Carrollian-holographic Derivation of Gravitational Flux-Balance Laws
Adrien Fiorucci, Simon Pekar, P. Marios Petropoulos, Matthieu Vilatte
TL;DR
This work develops a Carrollian boundary framework for asymptotically flat gravity and derives the BMS flux-balance evolution equations for the mass aspect $M$ and angular momentum aspect $N_a$ from boundary symmetries, given a minimal holographic dictionary. It introduces hypermomenta conjugate to radiative boundary data and identifies their bulk counterparts with gravitational fields such as the Bondi shear $C_{ab}$ and Bondi news $N_{ab}$, linking boundary and bulk data.
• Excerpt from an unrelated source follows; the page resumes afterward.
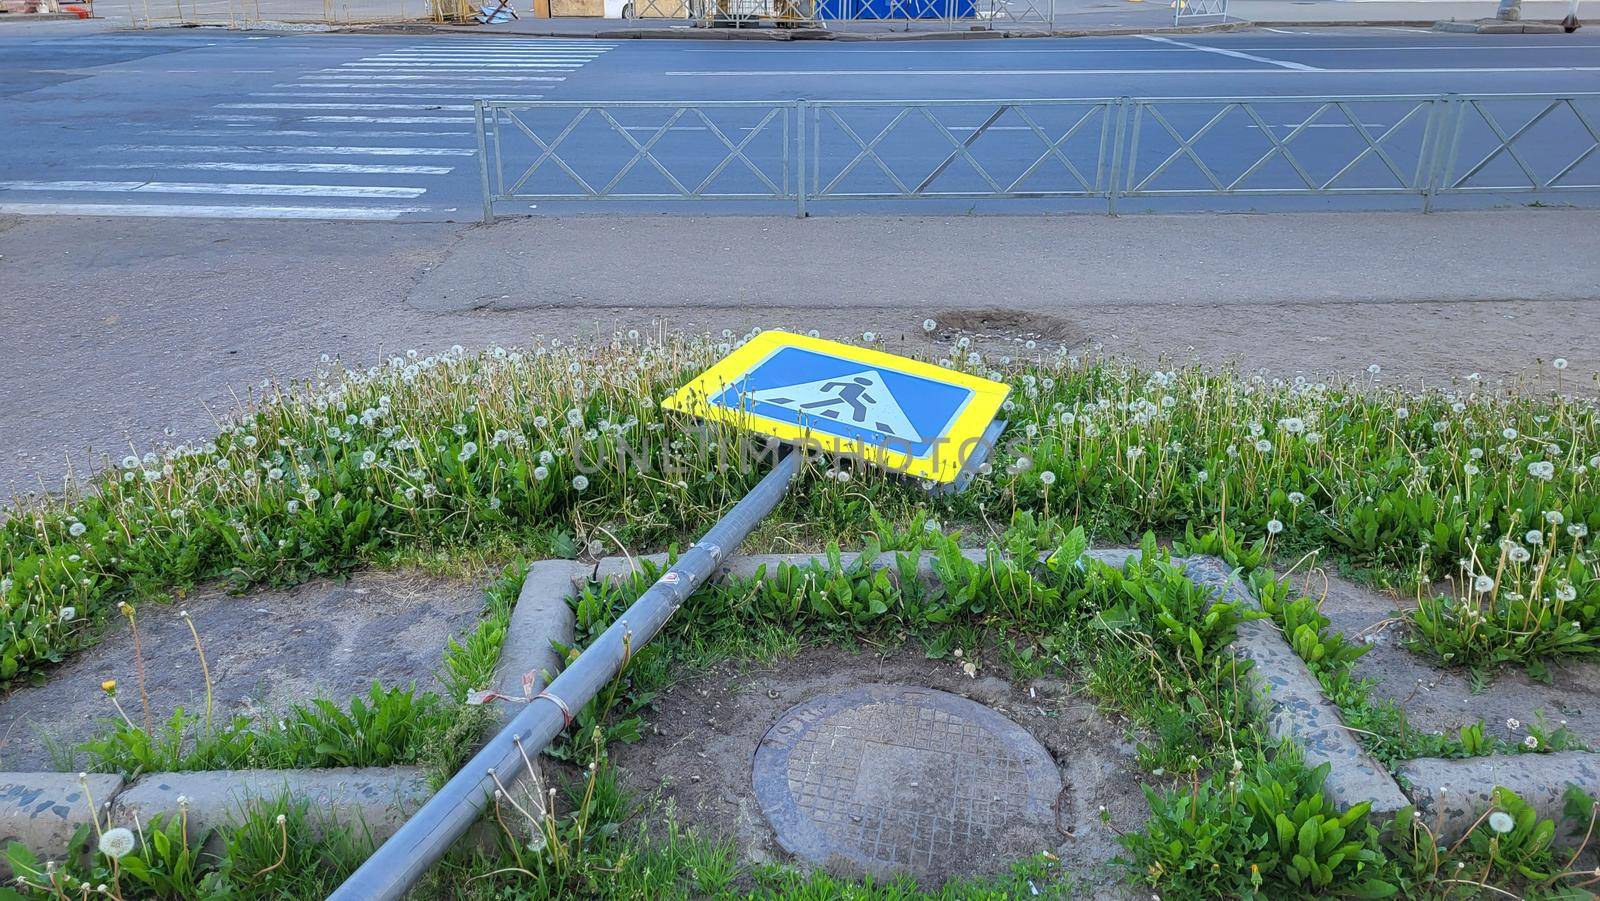 Repair installation of a road sign pedestrian crossing by lapushka62
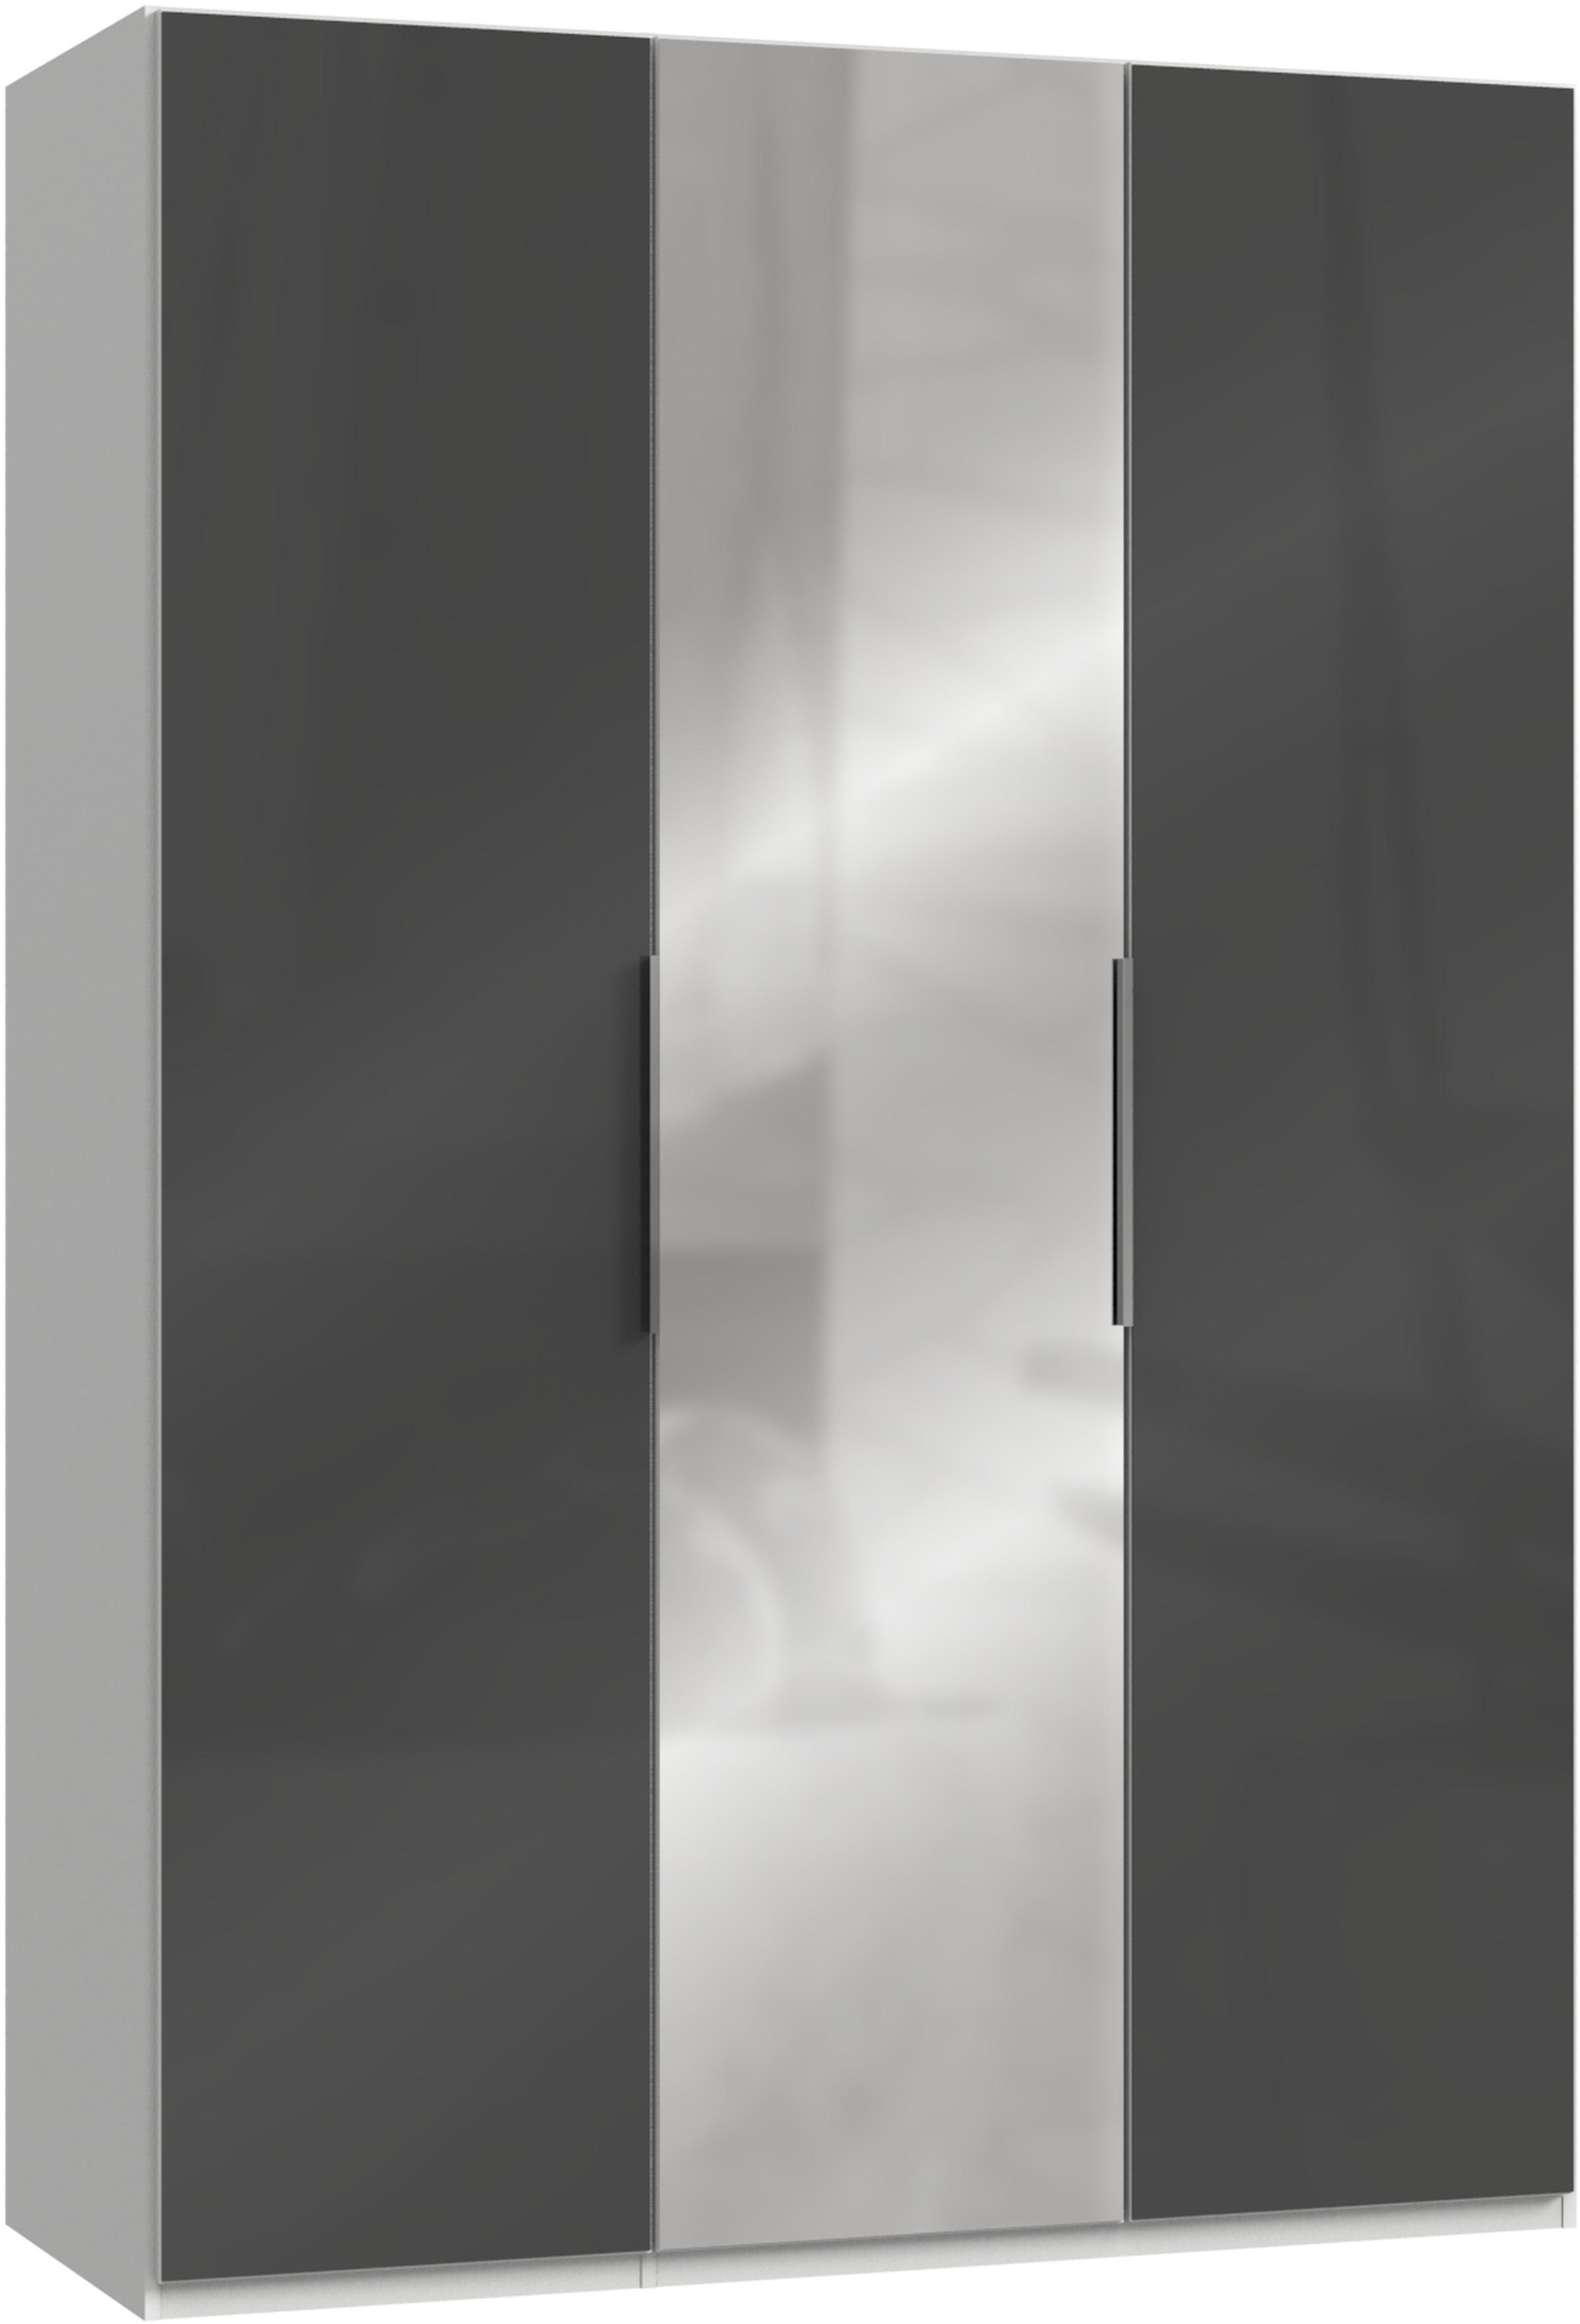 DREHTÜRENSCHRANK 3-türig Grau, Weiß  - Chromfarben/Weiß, MODERN, Holzwerkstoff/Metall (150/216/58cm) - MID.YOU

By enforcing Carroll boost, rotation, Weyl, and diffeomorphism invariance, the authors obtain flux-balance laws that reproduce the Bondi fluxes for $M$ and $N_a$. The results provide a purely boundary-based, intrinsic derivation and a Carrollian perspective on flat-space holography, paving the way for a holographic dual description of radiative data.
Abstract
We demonstrate that the BMS evolution equations for the mass and angular momentum aspects in asymptotically flat Einstein gravity follow from local Carroll, Weyl, and diffeomorphism invariance at the null conformal boundary, upon providing a minimalistic holographic dictionary as the sole input from the bulk. This result is a significant step in the quest for a flat-space holographic correspondence and offers a geometric implementation of the radiative degrees of freedom that source the boundary theory in the presence of bulk gravitational waves.